Em Foco 1509

Sophia, que morreu ontem nos EUA, sensibilizou milhares de internautas; ela e sua família serão lembradas como inspiração de luta pela vida.

Silvia Bessa (texto)

A bonequinha que mobilizou o Brasil se foi ontem. Morreu após uma parada cardíaca em Miami, nos Estados Unidos. Resistiu com bravura e deixou uma “lição de força, união e fé”, como diz a nota de falecimento publicada na página oficial “Ajude a Sofia” no Facebook e como repetiam desconhecidos em todo o país desde que a notícia foi divulgada. “Lutar com você e por você foi uma honra”, encerrava o texto. Afora o imenso pesar, longe de ser narrável, as conquistas de Sophia Gonçalves de Lacerda, de 1 ano e oito meses, e da família dela servirão de referência daqui para frente no Brasil. Em meio à tristeza que comoveu milhares de internautas nessa segunda-feira, esse é um viés que vale a ênfase como pequeno consolo à grande perda de uma vida. De um filho.
Portadora da síndrome de Bardon, doença raríssima que impedia o funcionamento de vários órgãos do sistema digestivo e que exigiu um transplante múltiplo de estômago, fígado, pâncreas e intestinos delgado e grosso, a menina sorridente, de pele alva e cabelos pretinhos conseguiu comover e envolver dezenas de milhares de pessoas nas redes sociais da internet. Sem recursos financeiros, moradores de Votorantim (interior de São Paulo), os pais Patrícia e Gilson lançaram uma campanha nas redes sociais quando Sophia tinha dois meses. Pediam recursos com o objetivo de financiar o tratamento da filha no exterior. Narraram com frequência a evolução da menina, chamada por eles de “bonequinha”, e ganharam simpatizantes e apoiadores. Bem-sucedida, a mobilização representava o estímulo contrário àquele comentário ouvido pela mãe quando a bebê nasceu, de uma médica que disse: “Aproveita, mãe, pois ela só tem uma semana (…)”.

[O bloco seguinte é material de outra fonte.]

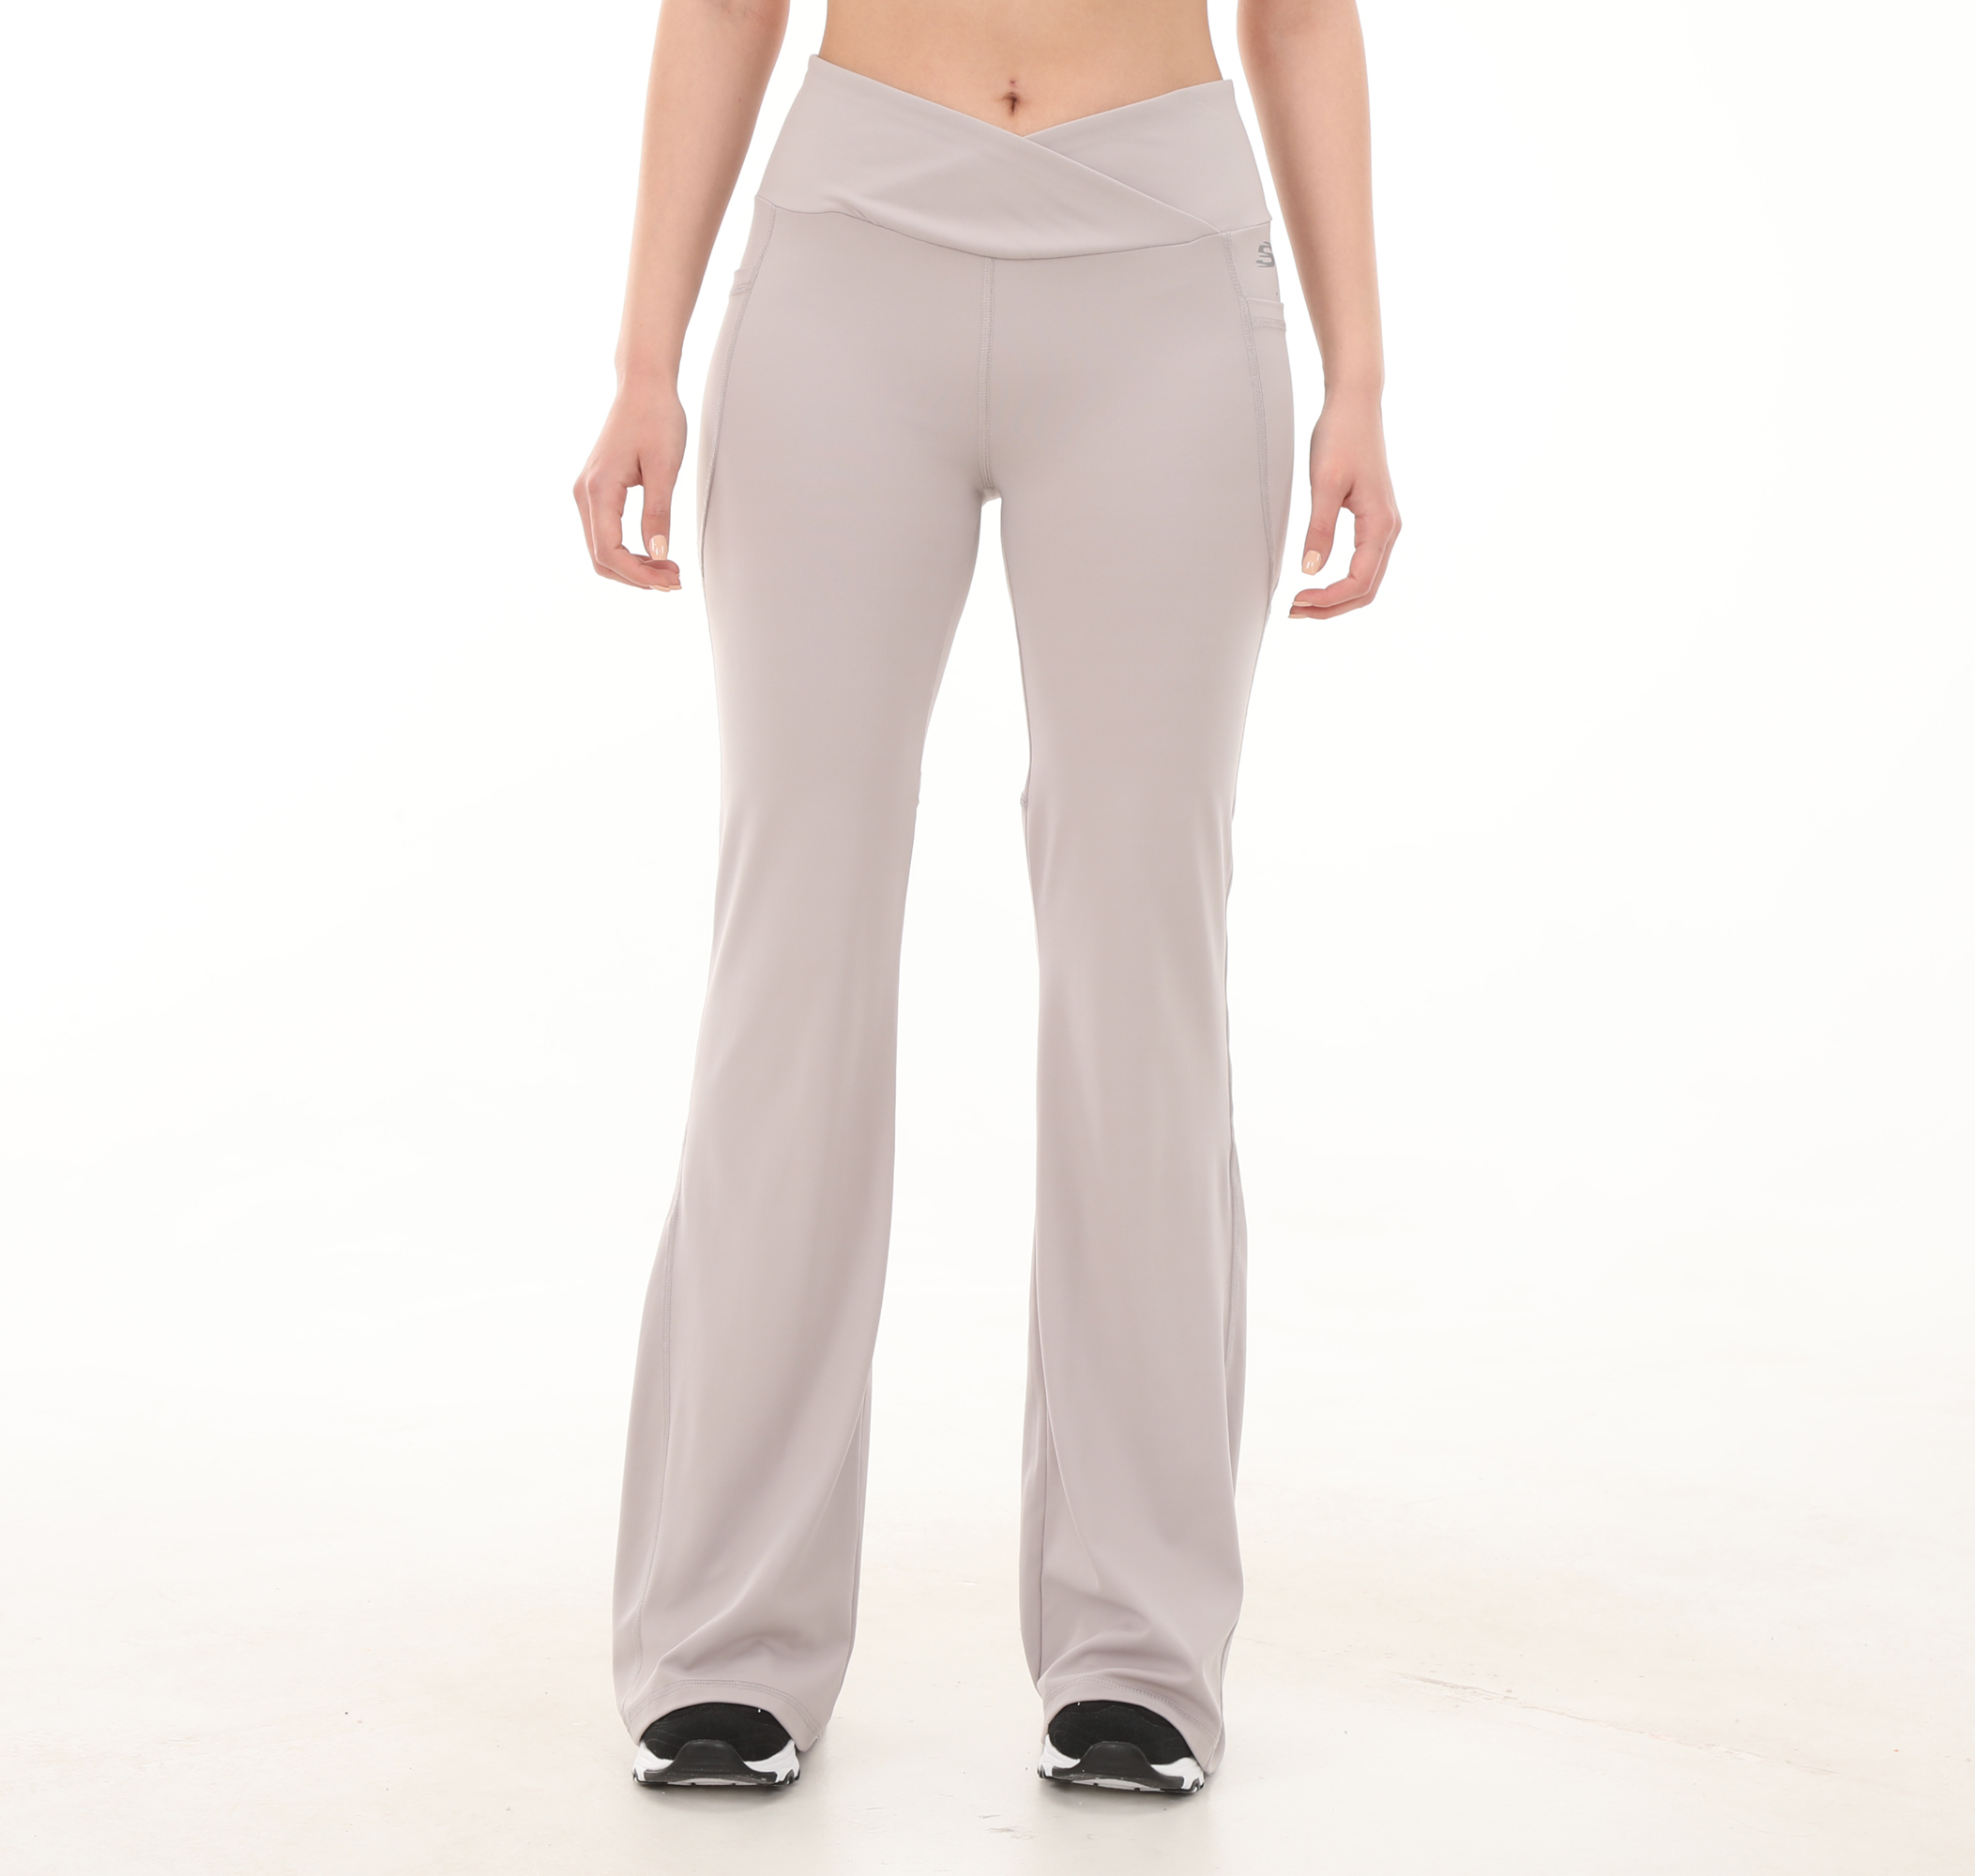 Женские спортивные штаны Skechers Performance Coll. W Yoga Pant

A participação dos internautas – financeiramente ou emocionalmente – se deu como primeiro grande avanço. A campanha serviu de ajuda e ajudou a outros. “A Sophia foi uma inspiração para todos”, disse Jacyanne Lira Góis, em um depoimento emocionado no qual fala que ler a história da menina lhe dava forças e lhe fazia acreditar na melhoria da saúde do bebê que esperava, o Davi.
Na sequência da movimentação, veio a notícia de uma ação em favor de Sophia: o governo federal foi obrigado a pagar em junho do ano passado R$ 2,2 milhões para custear o transplante multivisceral dela no exterior. Foi uma vitória jurídica representativa porque ações semelhantes por vezes se baseiam em exemplos anteriores para conseguir êxito, o que faz crer que a batalha de Sophia tende a ser citada em casos de outros pacientes crônicos necessitados de suporte financeiro. Isso em nada tem a ver com a morte da pequena porque à União cabe dar condições para que os brasileiros lutem pela vida.

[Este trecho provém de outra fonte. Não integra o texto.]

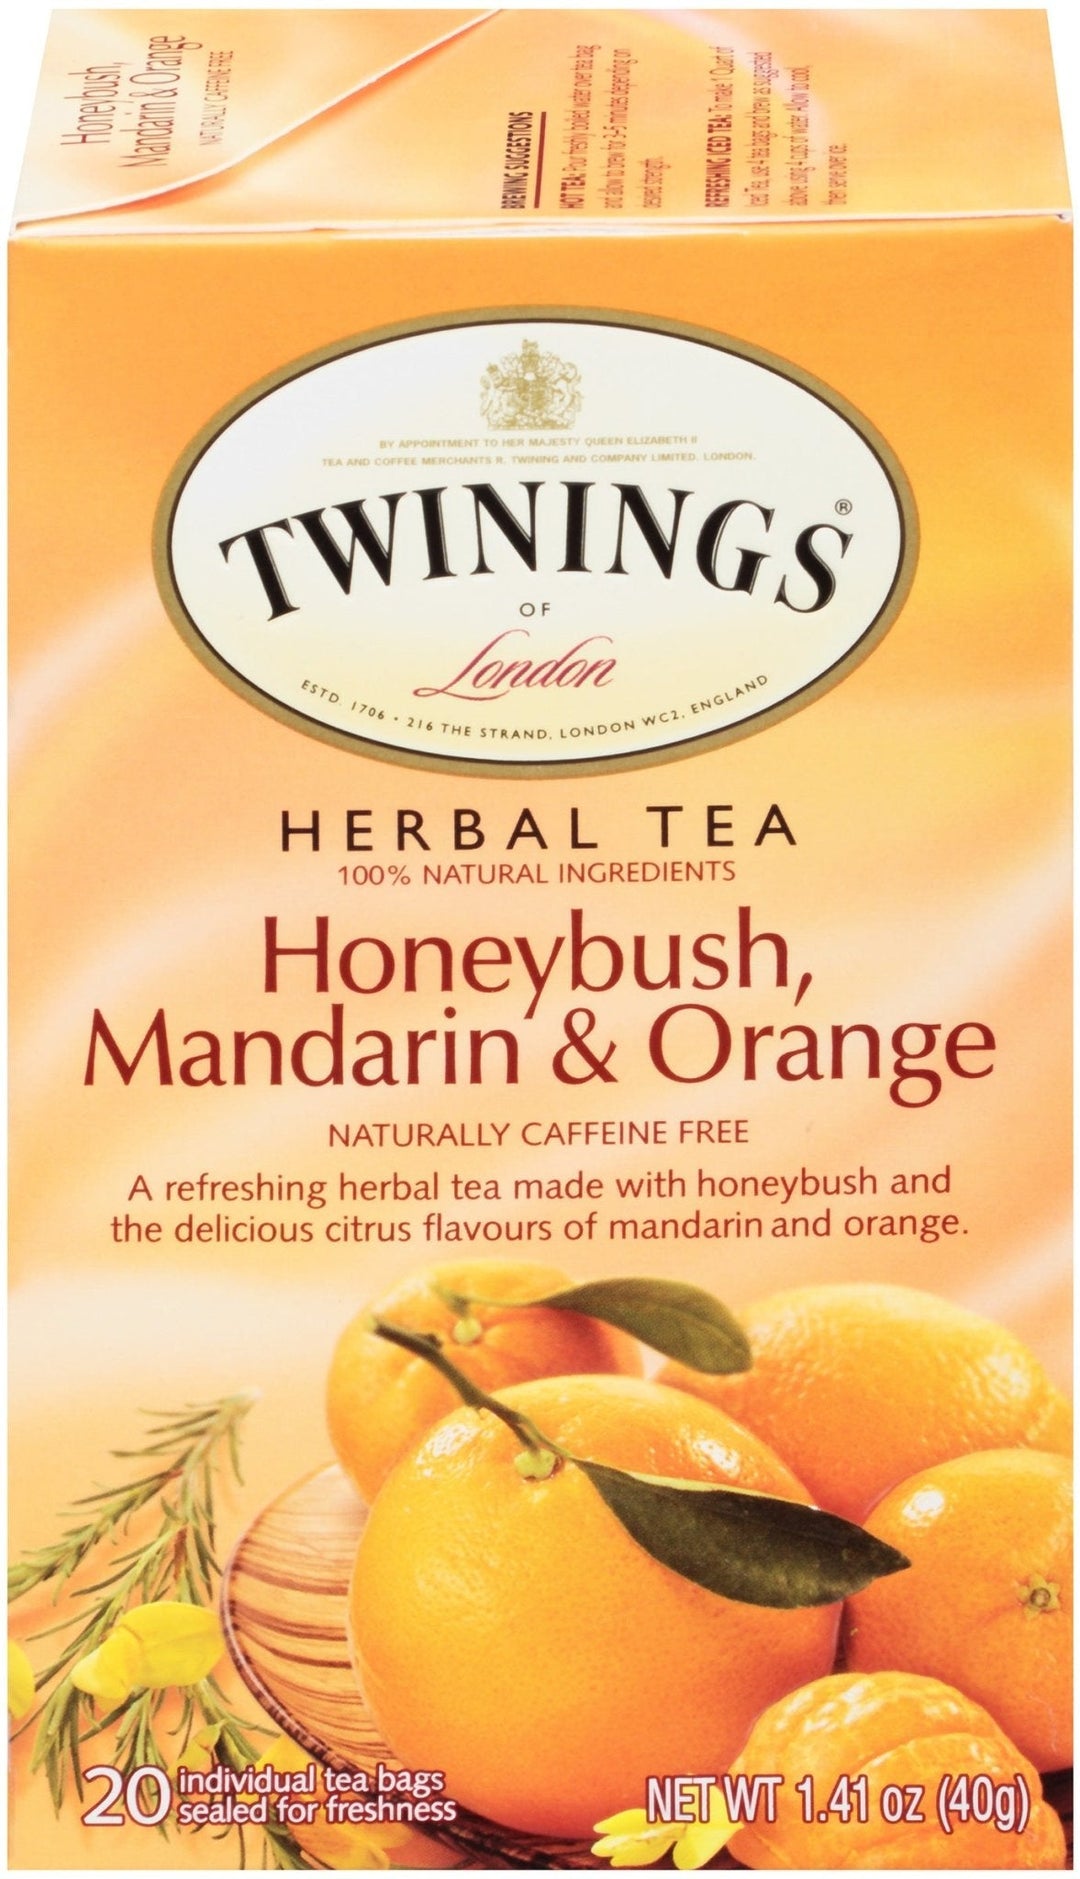 Twinings Honeybush, Mandarin & Orange Tea, 20-Count Box

Sophia foi mais do que a síndrome dela e a página “Ajude a Sofia” é a expressão do entendimento. Com o engajamento de tantos desconhecidos, o mural deixou de ser destinado a falar somente dela. Abriu espaço para ajudar crianças e adultos que precisam de ajudas financeiras e ou de orações. Nele, pede-se colaborações para financiar o tratamento de US$ 40 mil para que Nicolas Miguel possa enxergar pela primeira vez; apela-se em nome de Samuel, que toma seis anticonvulsionantes e cuja família gasta R$ 1 mil por mês com medicamentos. Essa transformação e a prática daquele lema “gentileza gera gentileza” é algo que faz com que pensemos que a vinda de Sophia teve seu significado para a família dela (agora ainda mais sofrida, vivendo o luto e a ausência) e para nós todos.